◆ Task
What the answer must contain is every line of the records, exactly, with no pictures.

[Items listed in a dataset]
+++

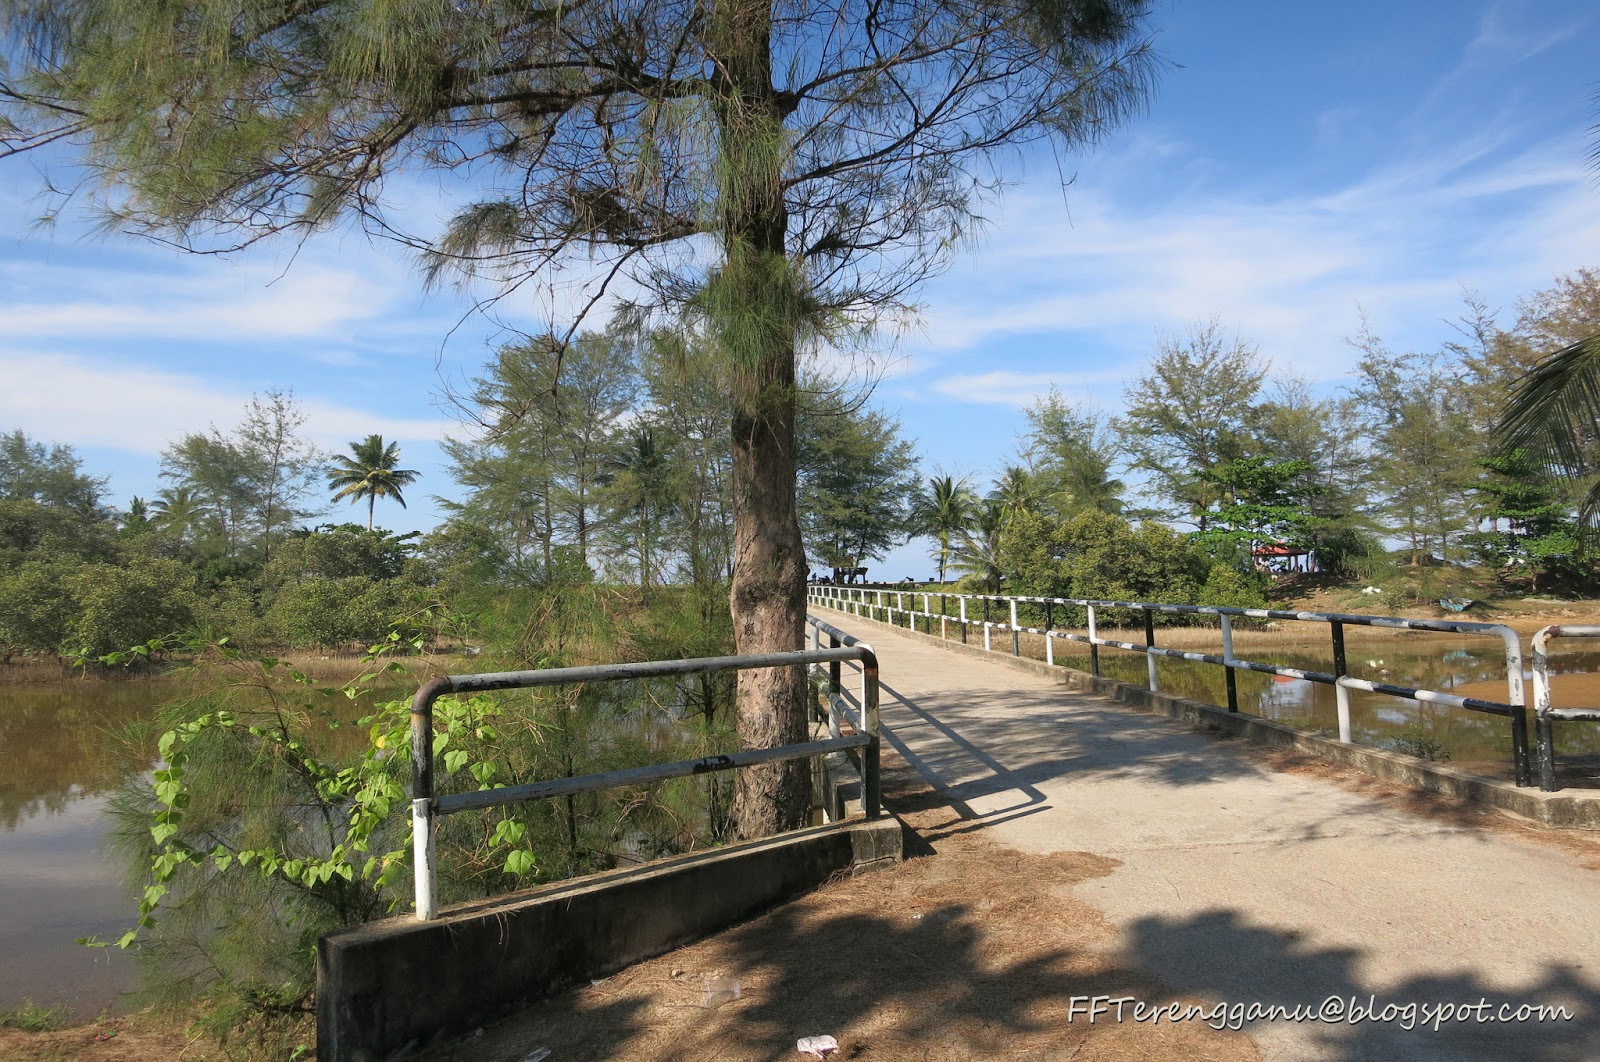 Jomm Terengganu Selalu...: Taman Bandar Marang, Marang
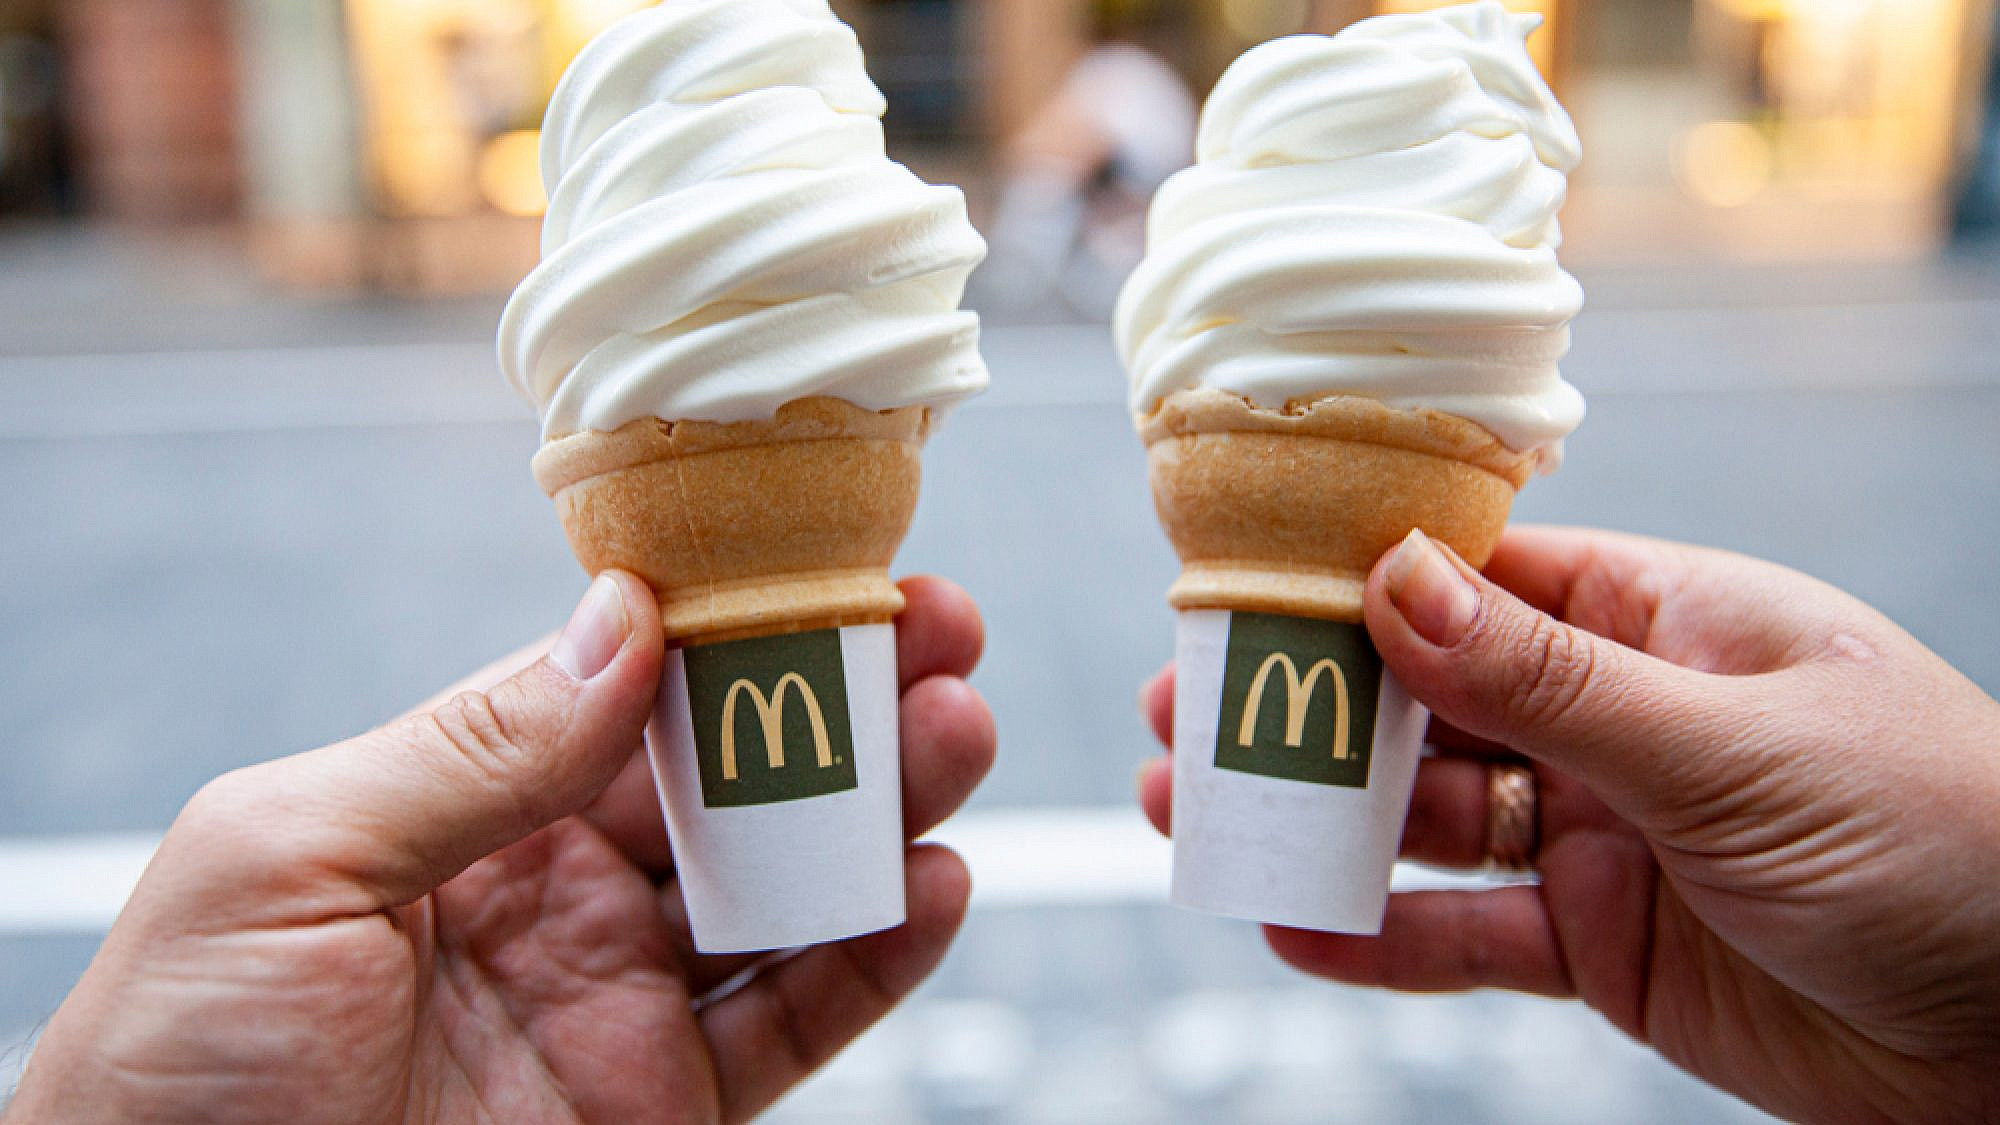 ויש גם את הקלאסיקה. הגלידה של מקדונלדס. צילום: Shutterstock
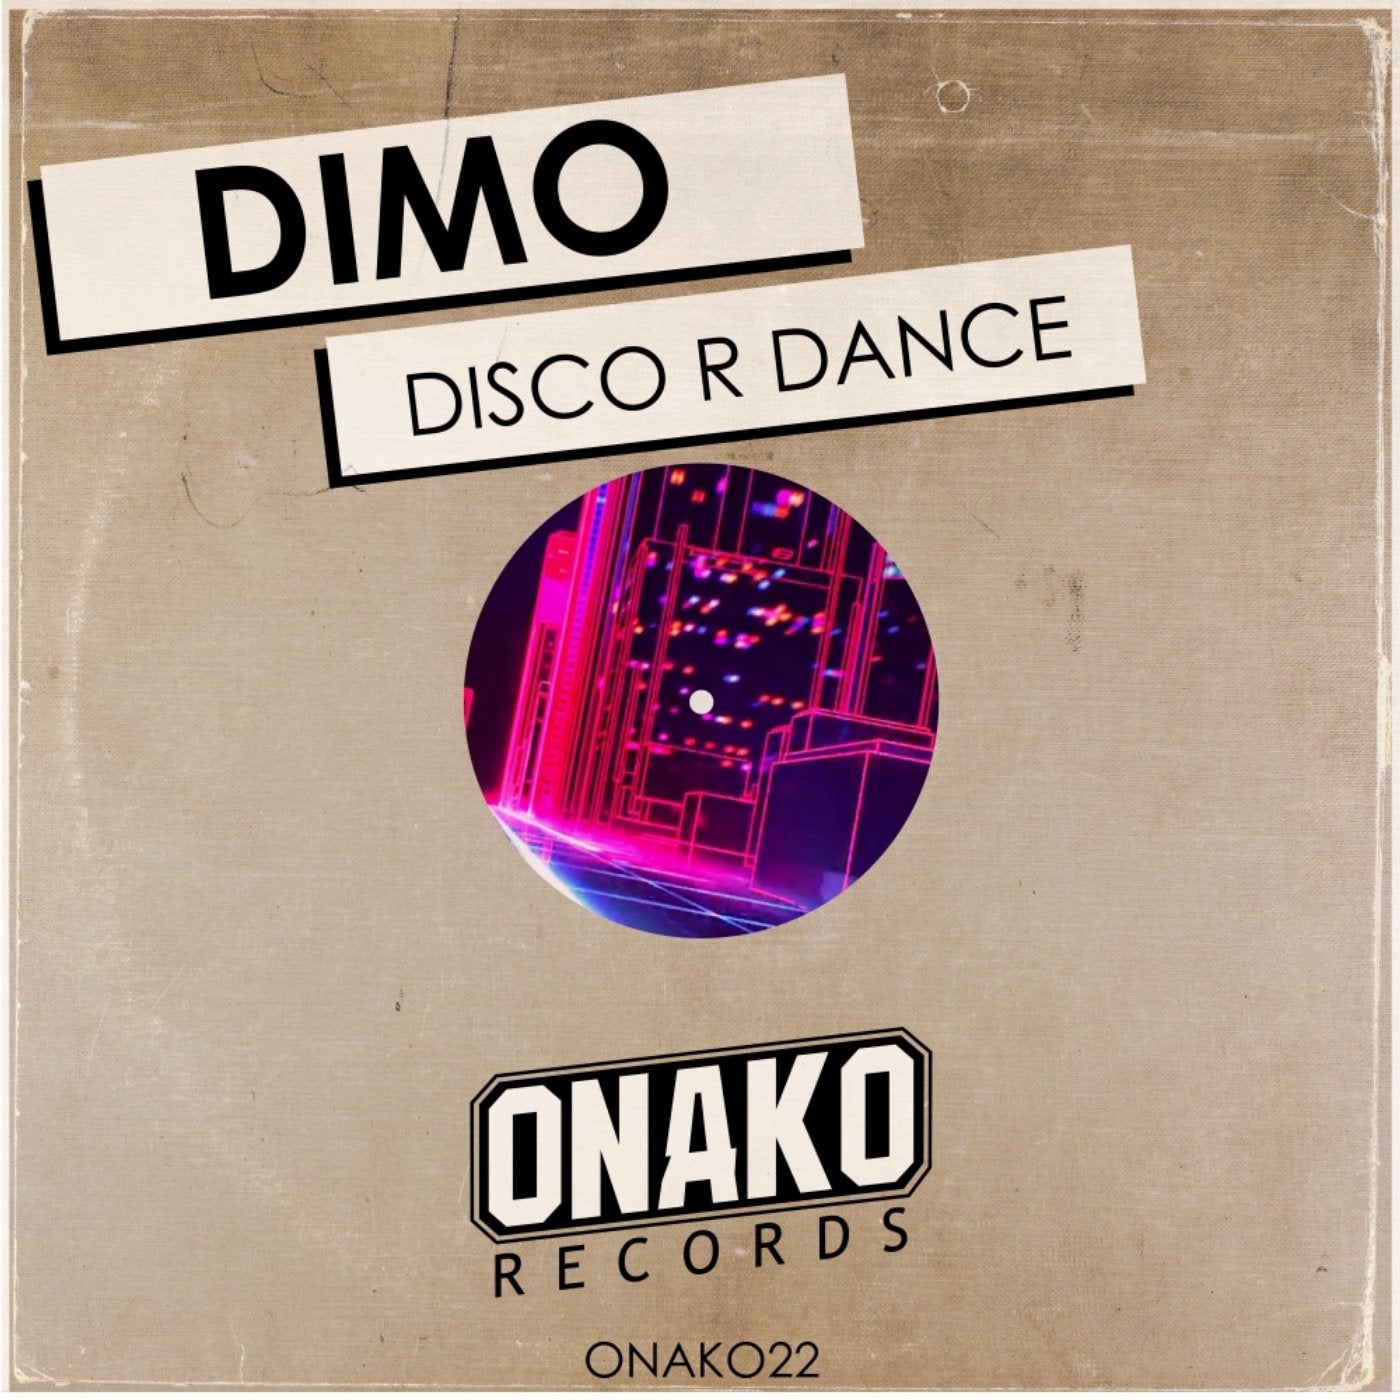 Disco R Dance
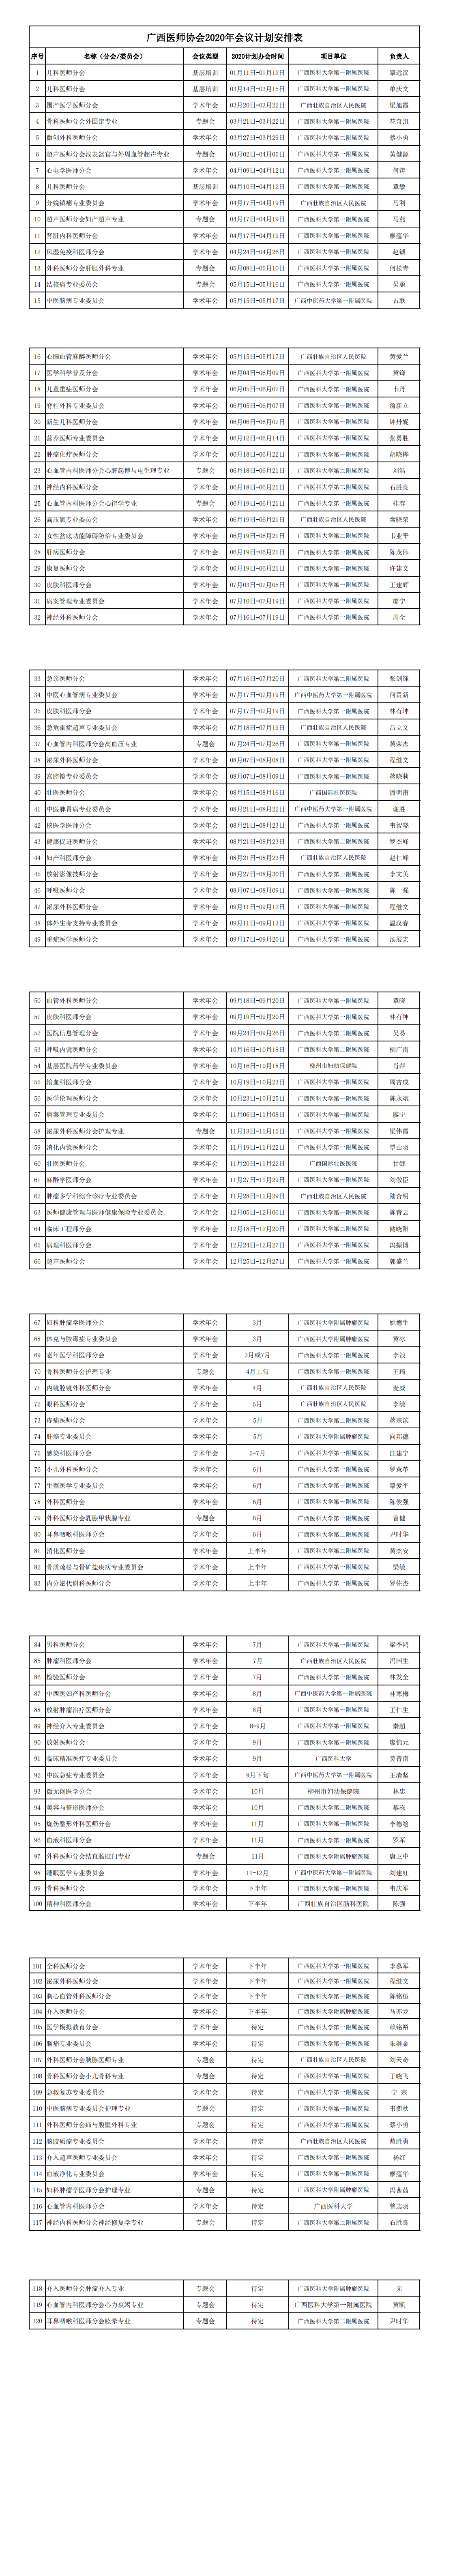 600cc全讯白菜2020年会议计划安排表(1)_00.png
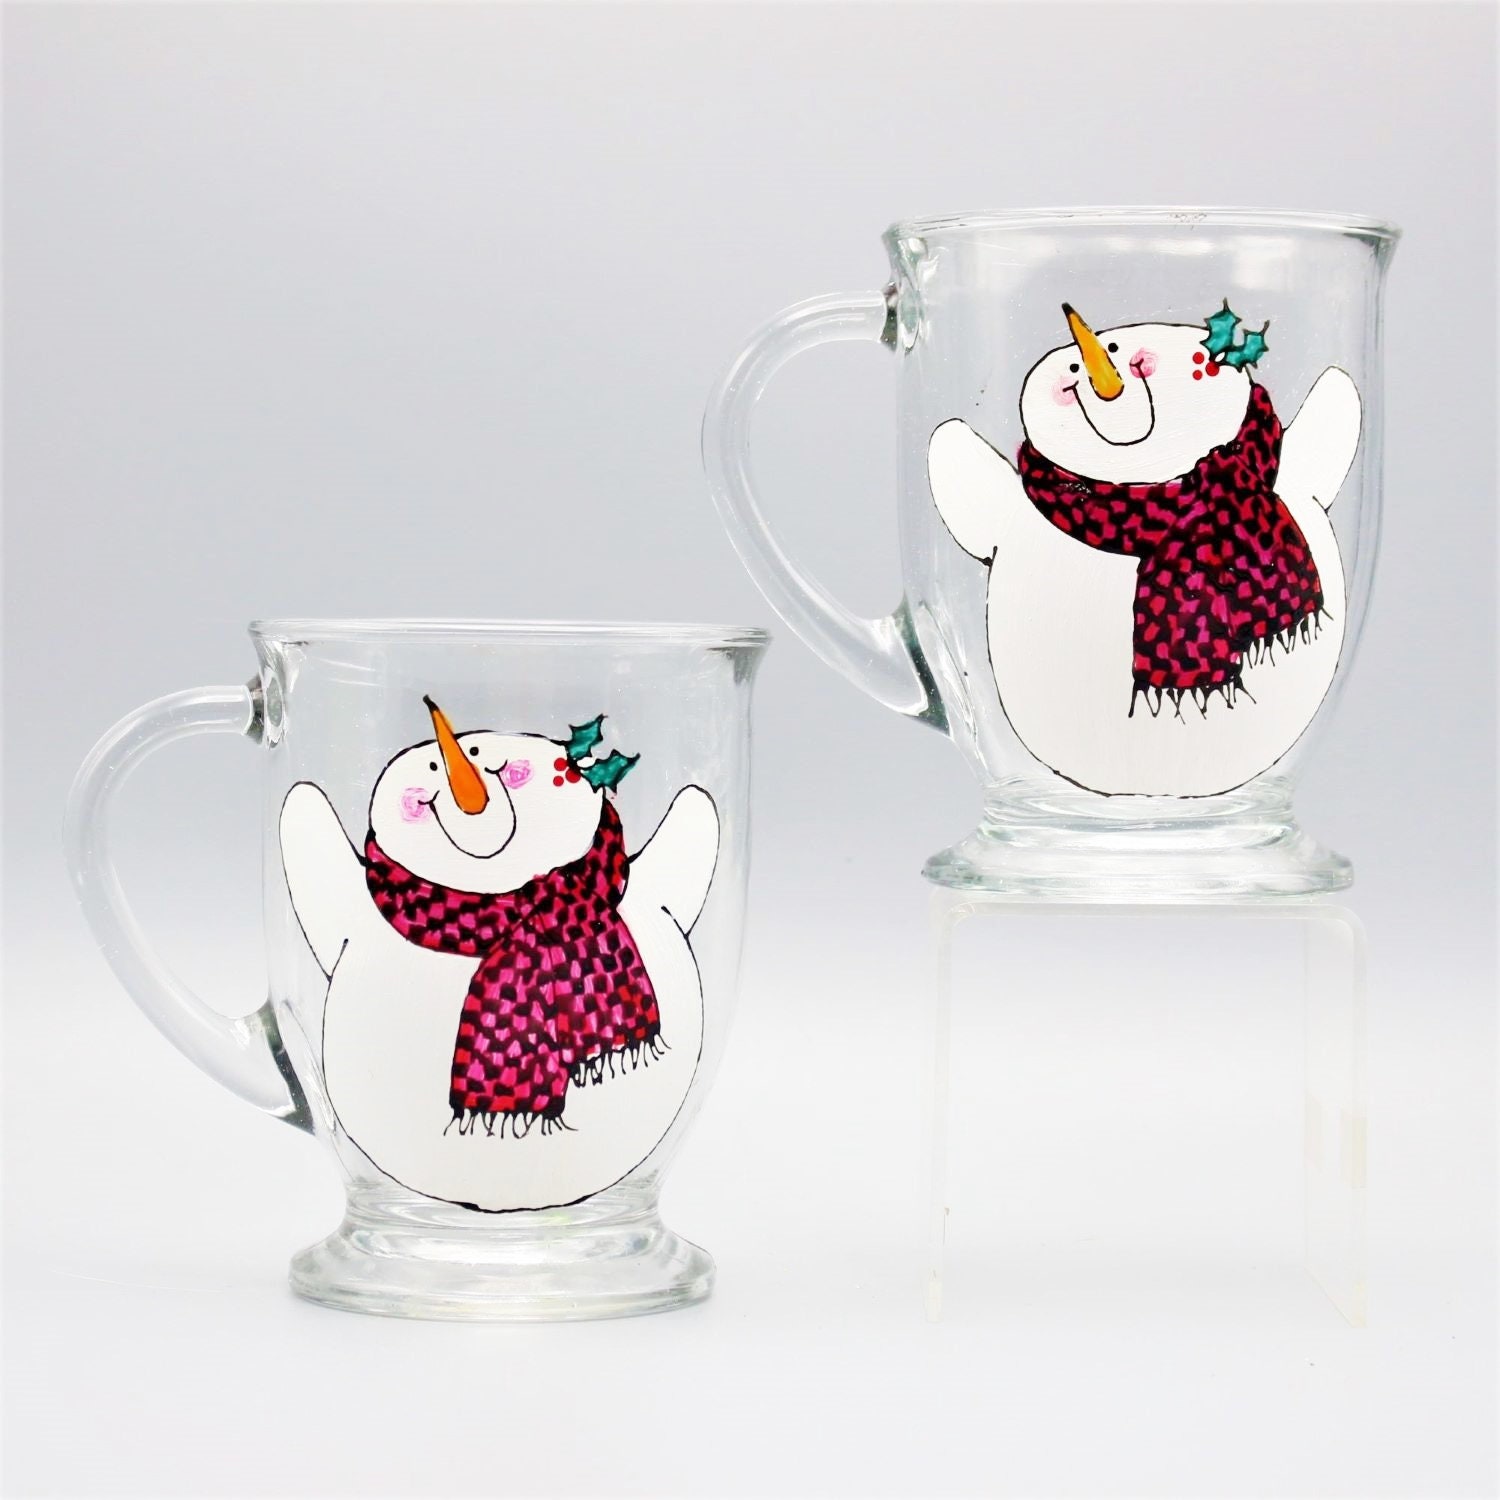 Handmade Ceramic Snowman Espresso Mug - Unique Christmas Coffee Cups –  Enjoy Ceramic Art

+++

◆ Answer to this problem
 Jomm Terengganu Selalu...: Taman Bandar Marang, Marang
 ויש גם את הקלאסיקה. הגלידה של מקדונלדס. צילום: Shutterstock
 Disco R Dance
 600cc全讯白菜2020年会议计划安排表(1)_00.png
 Handmade Ceramic Snowman Espresso Mug - Unique Christmas Coffee Cups –  Enjoy Ceramic Art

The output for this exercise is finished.